_REQUIRED ACTION_
The following data needs to be repeated exactly, with all images excluded.

_DATASET EXTRACT_
*** Begin section ***
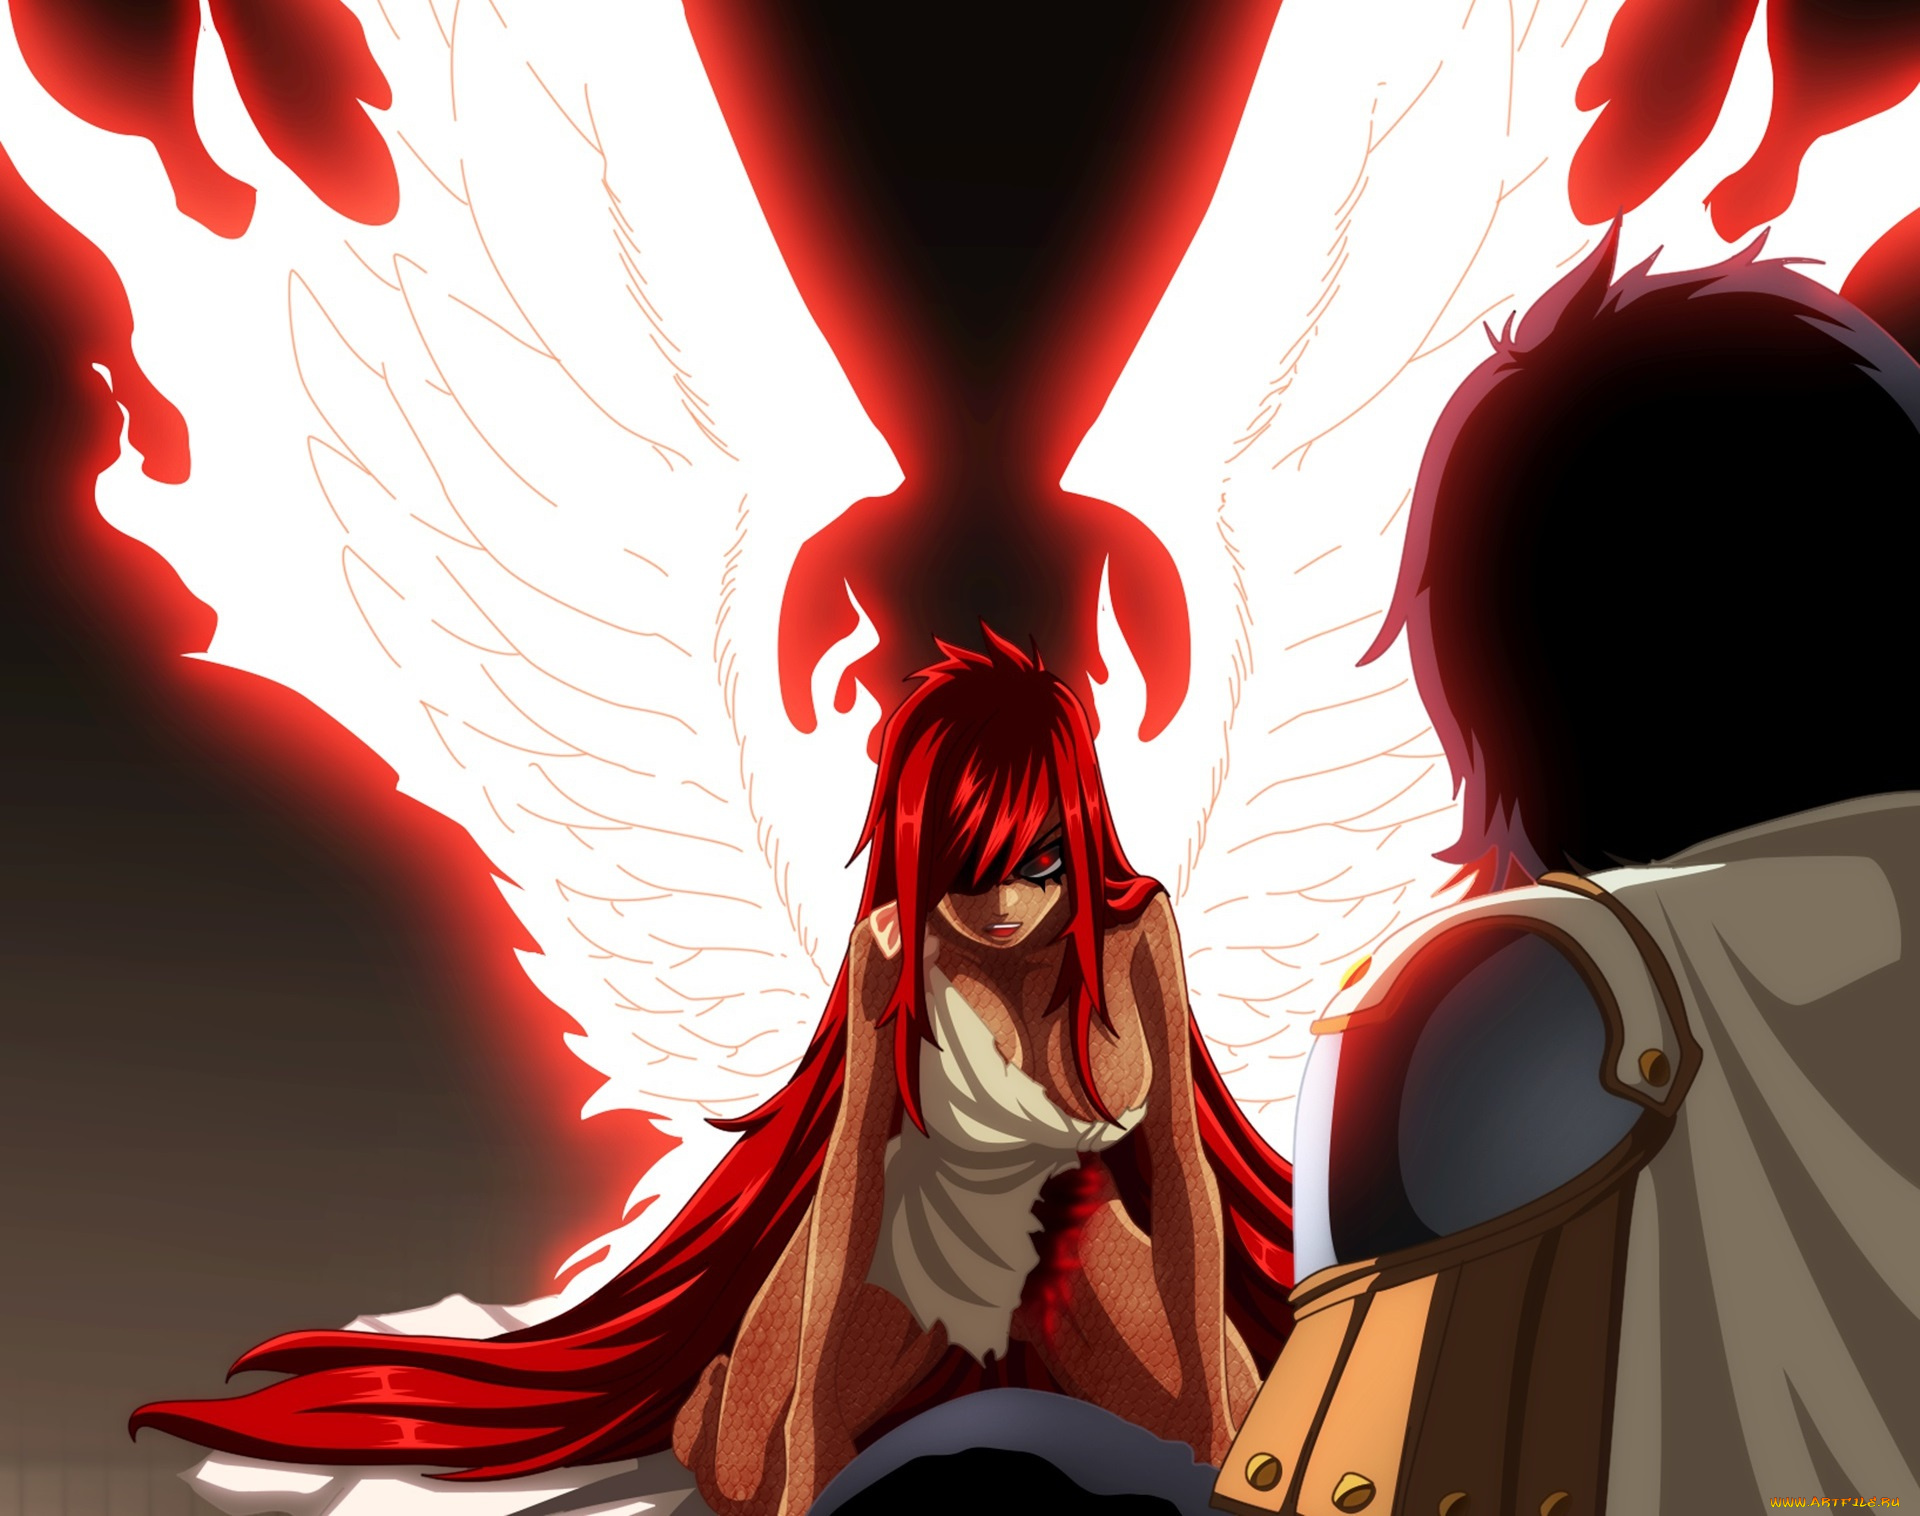 аниме, fairy, tail, dress, girl, manga, red, redhead, man, pretty, by, animefanno1, strong, eyes, wings, anime, oppai, fairy, tail, hair, game
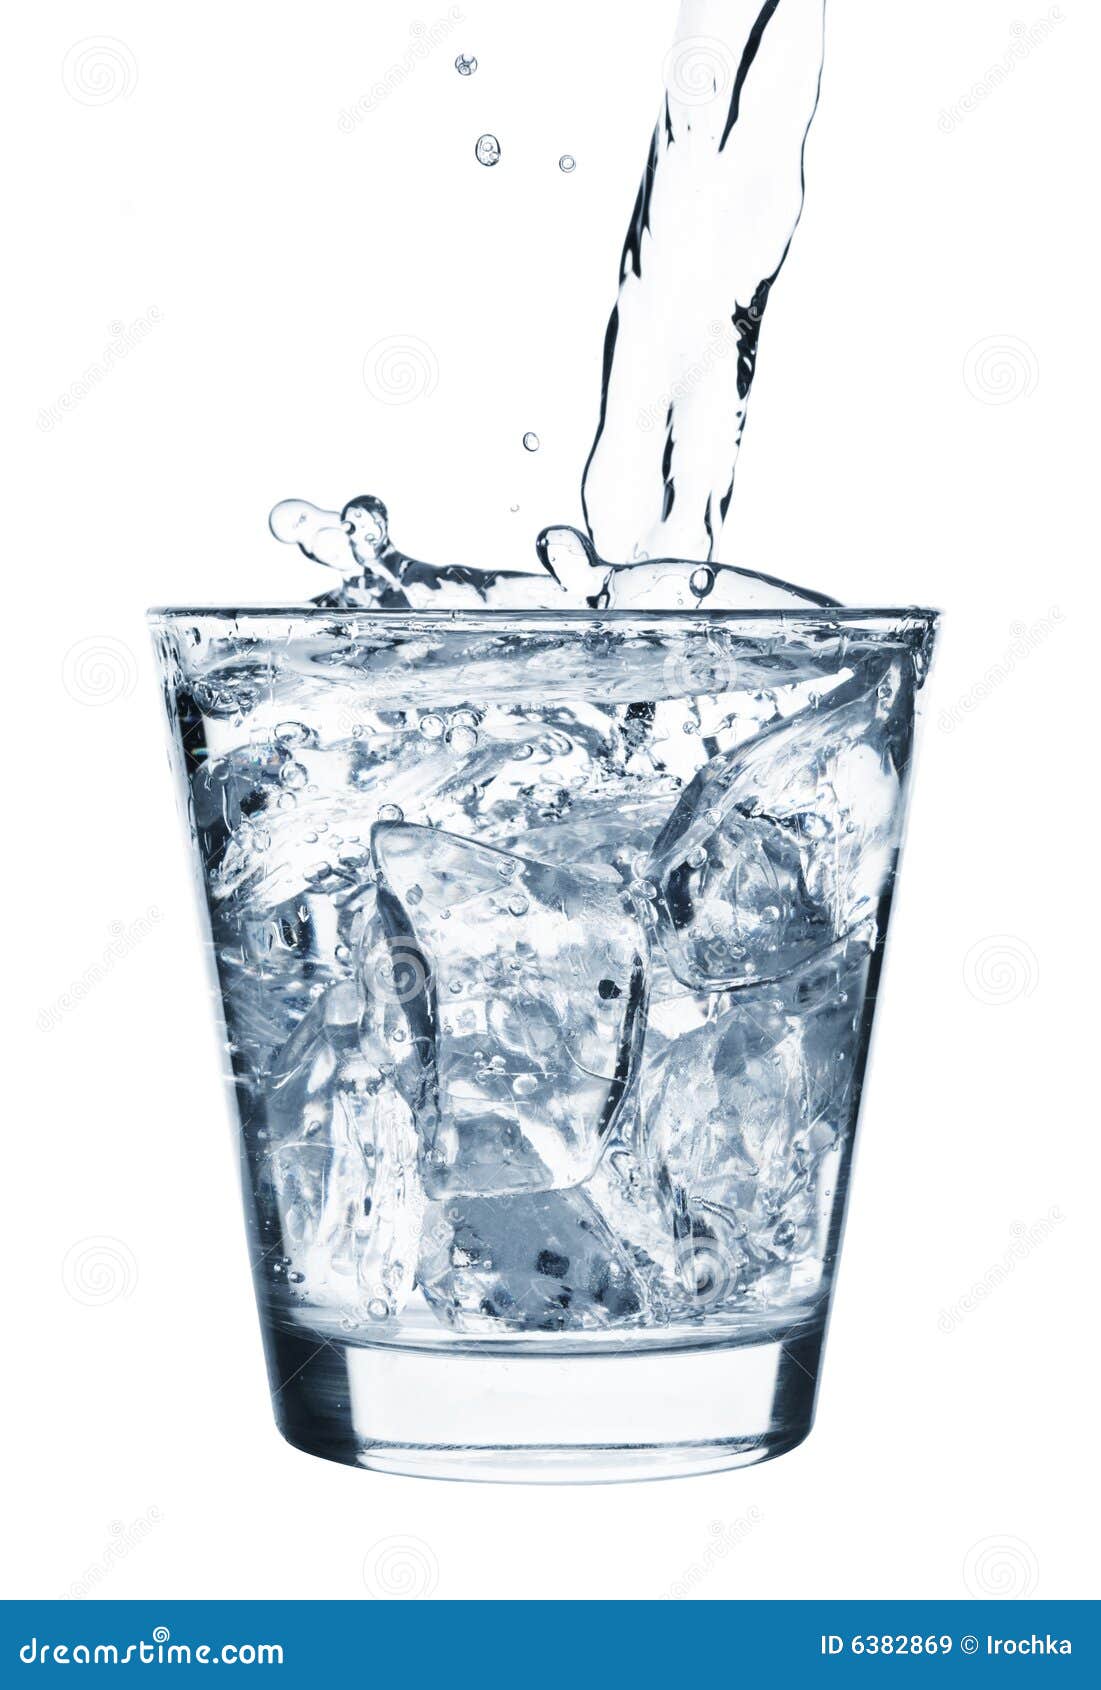 Ice Splashing In Cup Of Water Stock Image Image Of Drink Liquid
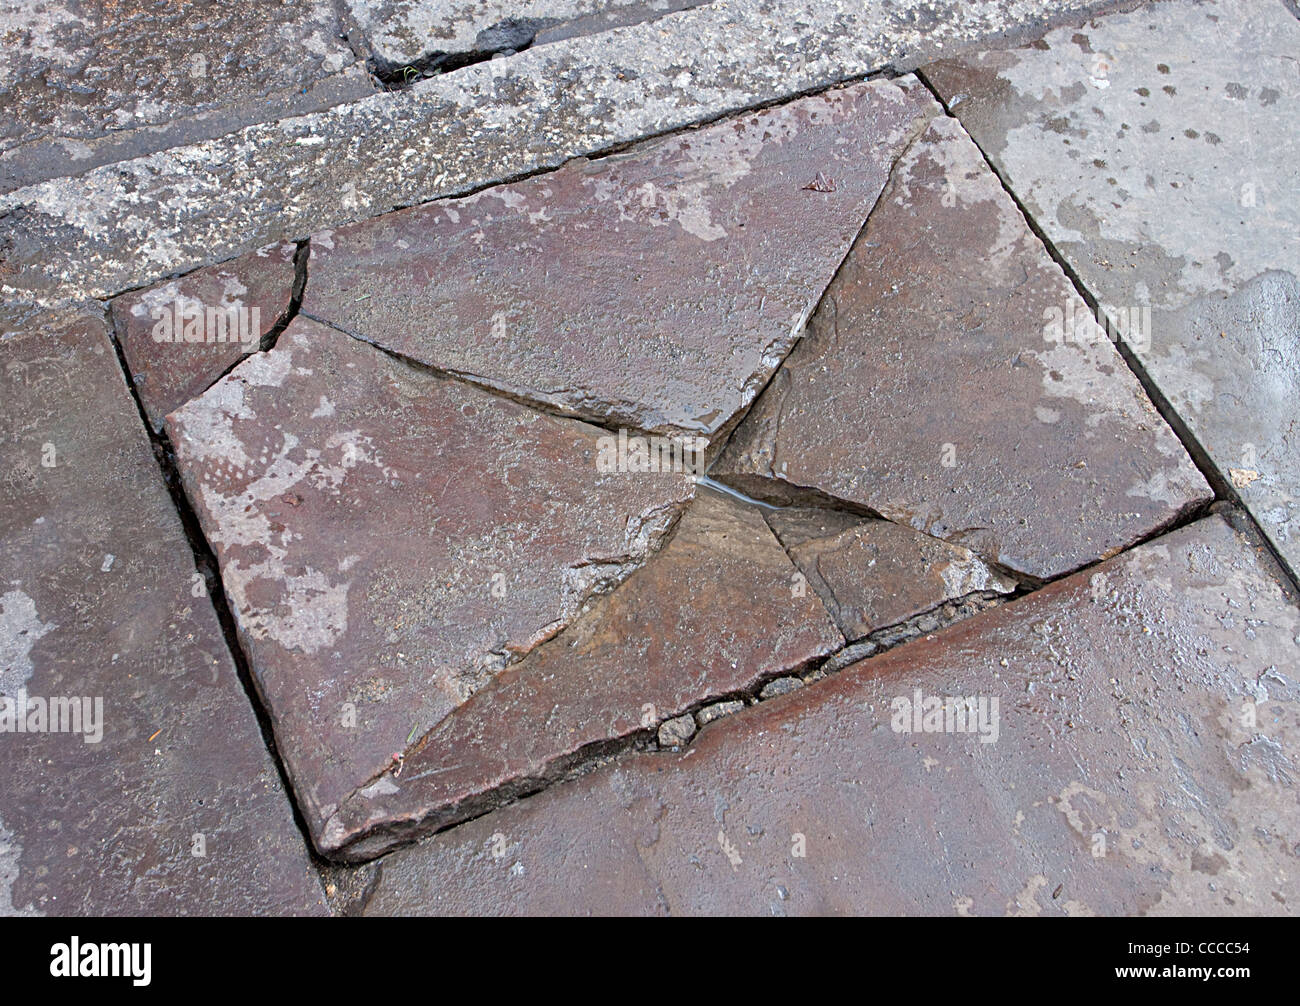 Cracked dangerous paving pavement path health and safety. Broken pavement slab broken paving Stock Photo
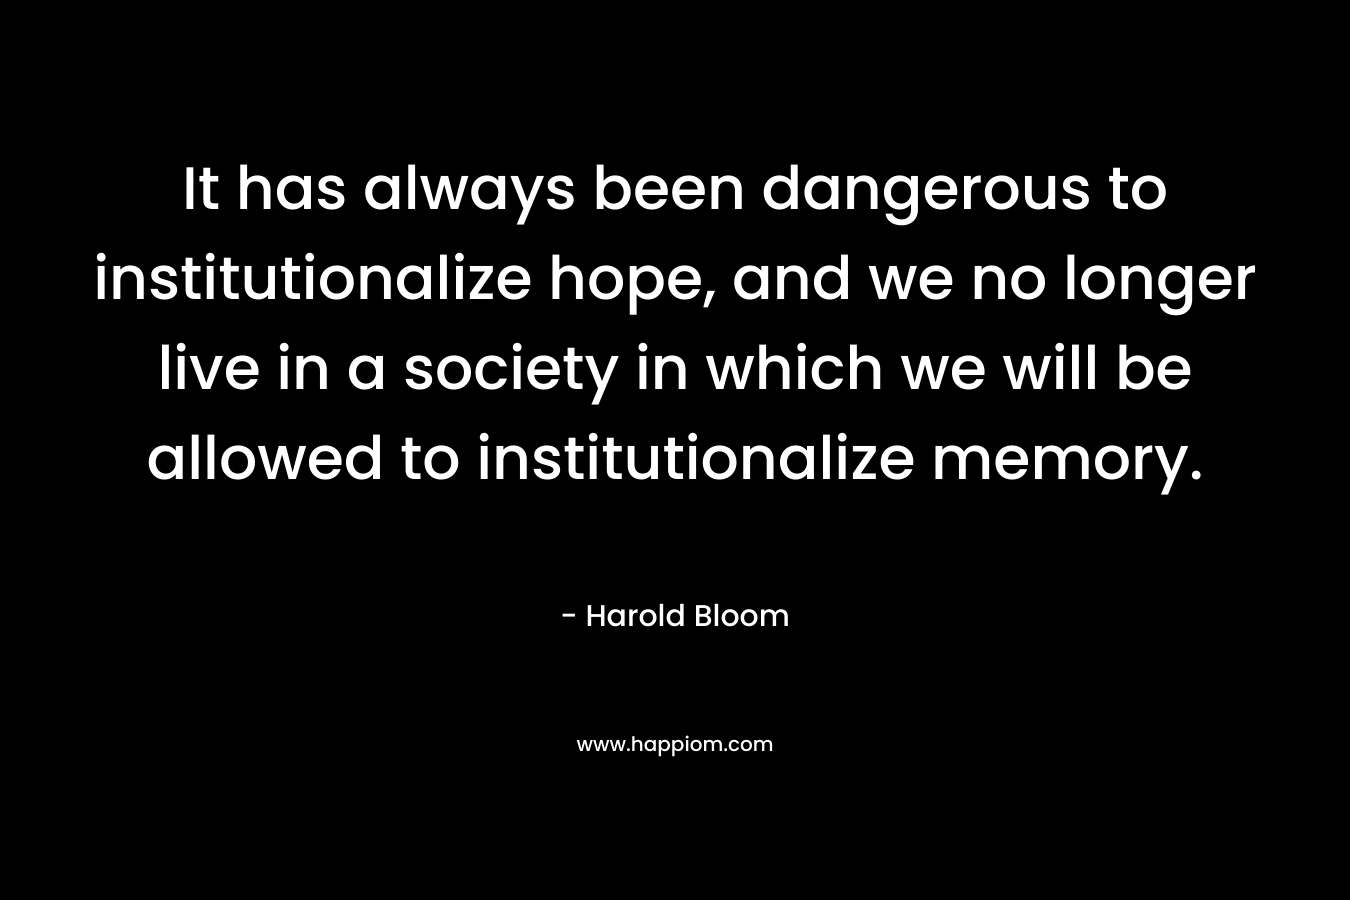 It has always been dangerous to institutionalize hope, and we no longer live in a society in which we will be allowed to institutionalize memory. – Harold Bloom
*** End section ***
_OUTPUT OF THE TASK_
 аниме, fairy, tail, dress, girl, manga, red, redhead, man, pretty, by, animefanno1, strong, eyes, wings, anime, oppai, fairy, tail, hair, game
 Ice Splashing In Cup Of Water Stock Image Image Of Drink Liquid
 Cracked dangerous paving pavement path health and safety. Broken pavement slab broken paving Stock Photo
 It has always been dangerous to institutionalize hope, and we no longer live in a society in which we will be allowed to institutionalize memory. – Harold Bloom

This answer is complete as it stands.